Task goal.
Please restate every line below exactly, without any pictures.

Collected material.
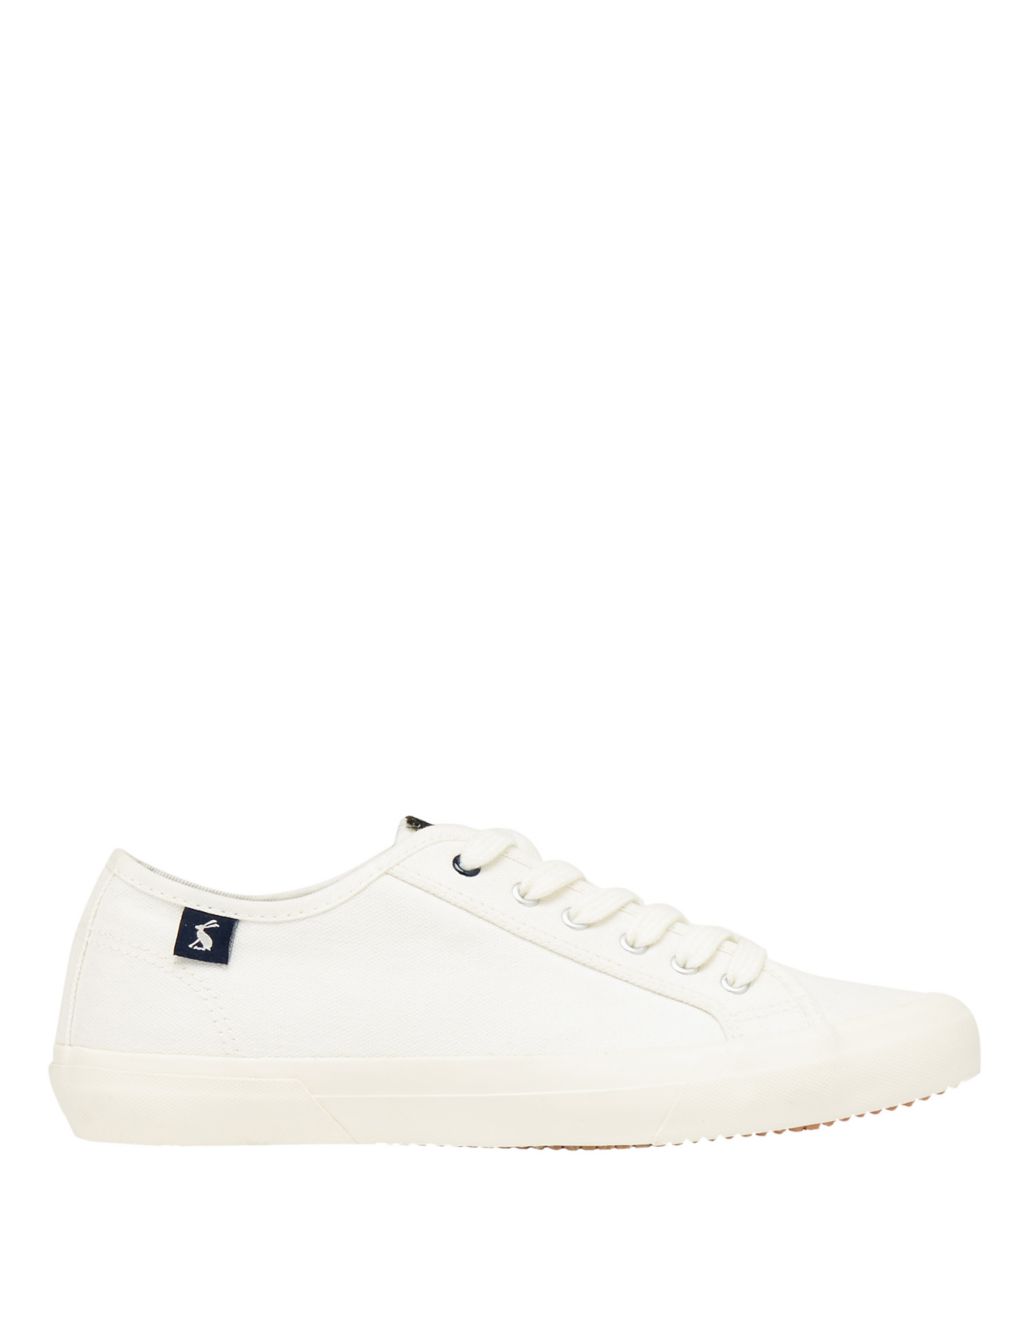 Canvas Lace Up Trainers image 1
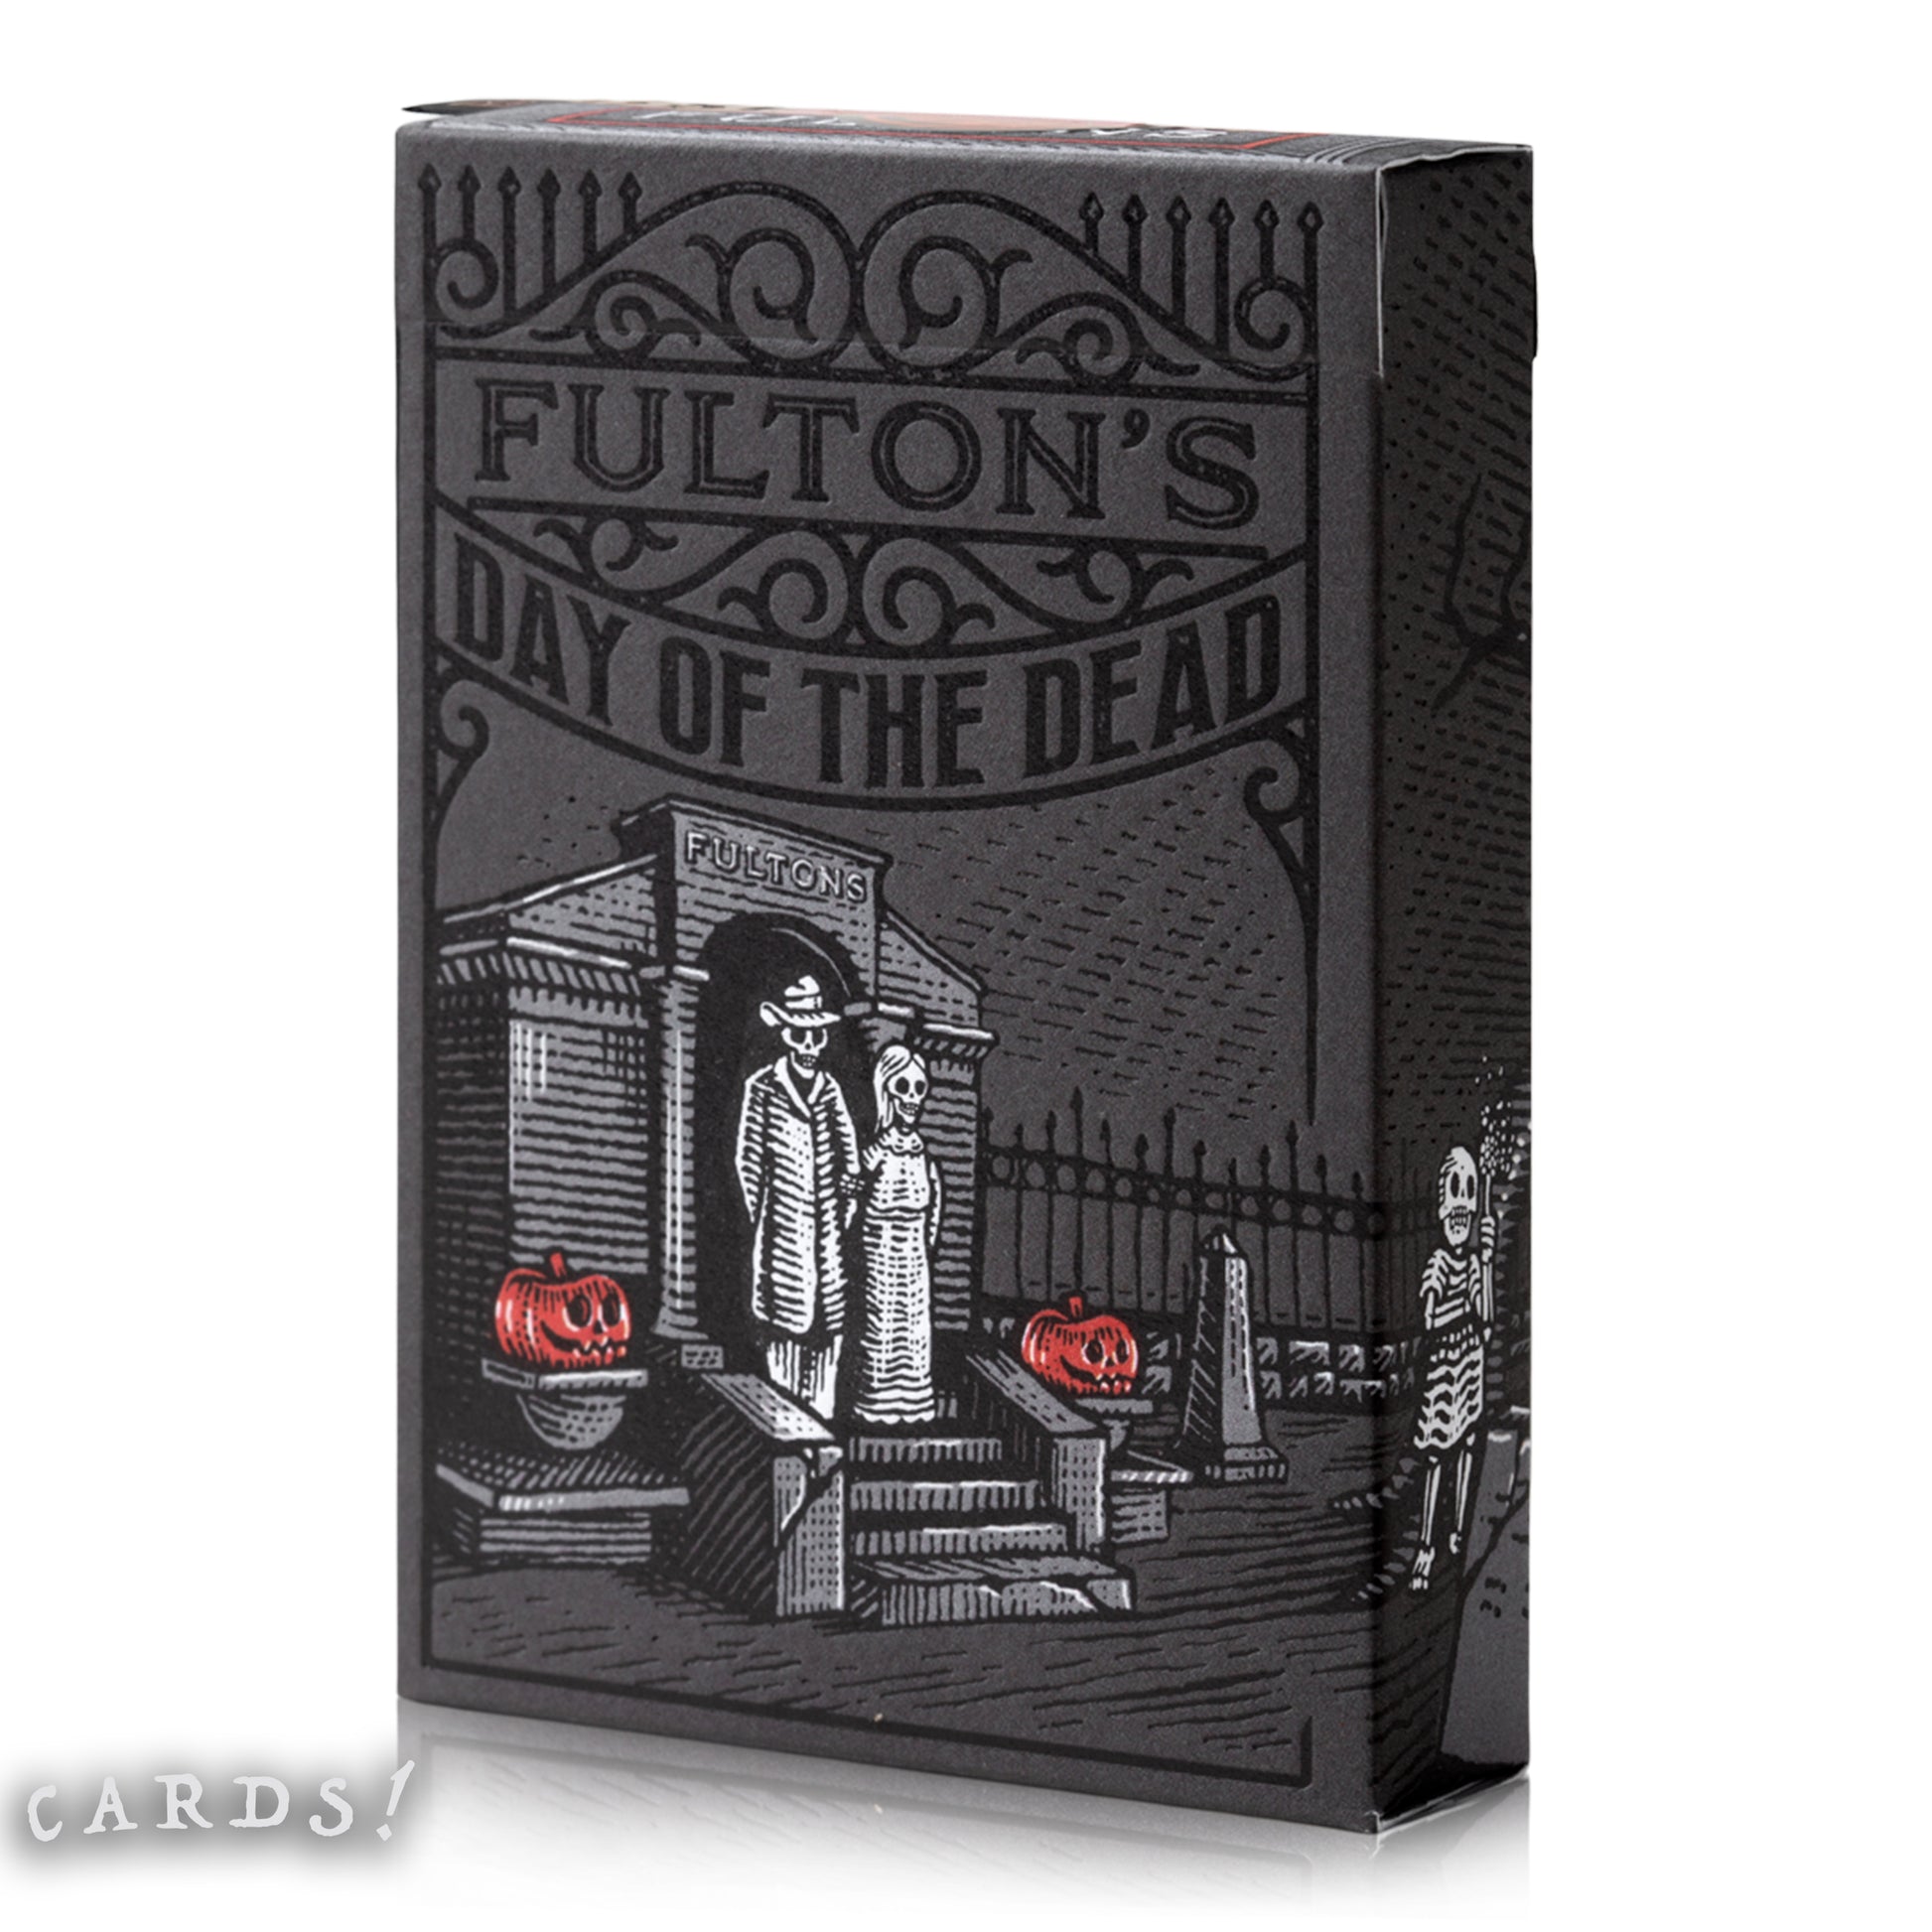 Fulton's Day of the Dead 富爾頓的亡靈節 啤牌 撲克牌 - The Lanes HK
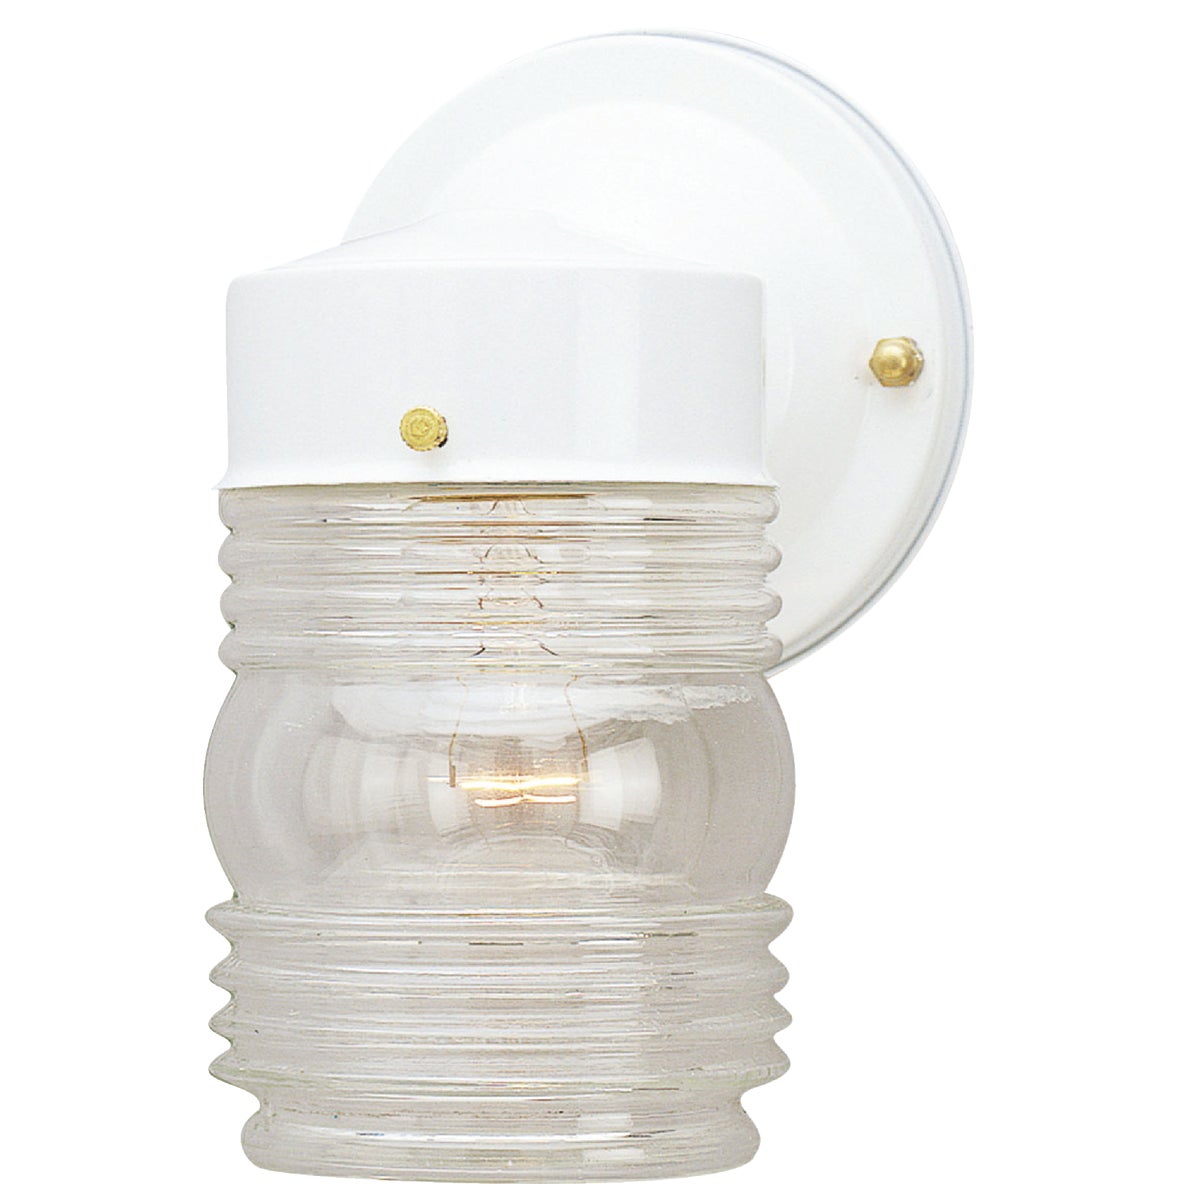 Home Impressions White Incandescent Type A Outdoor Wall Light Fixture
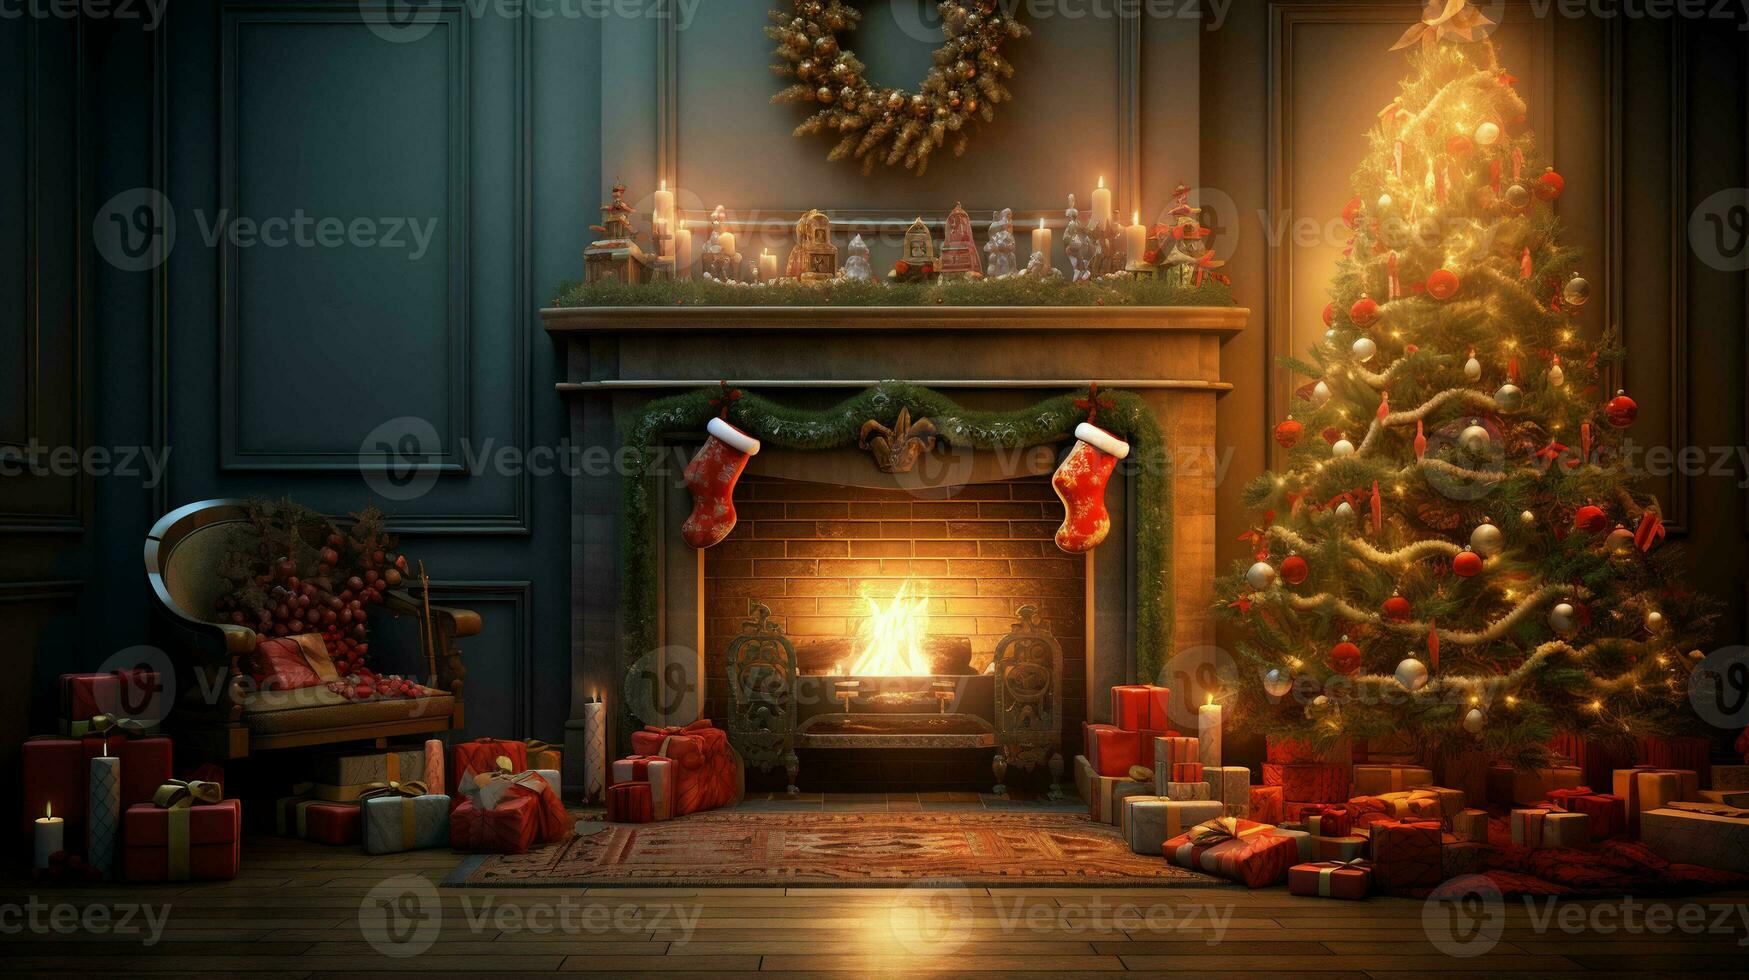 Cozy Christmas interior with a glowing tree, fireplace, and presents photo

Task result.
 Canvas Lace Up Trainers image 1
 Fulton's Day of the Dead 富爾頓的亡靈節 啤牌 撲克牌 - The Lanes HK
 Home Impressions White Incandescent Type A Outdoor Wall Light Fixture
 Cozy Christmas interior with a glowing tree, fireplace, and presents photo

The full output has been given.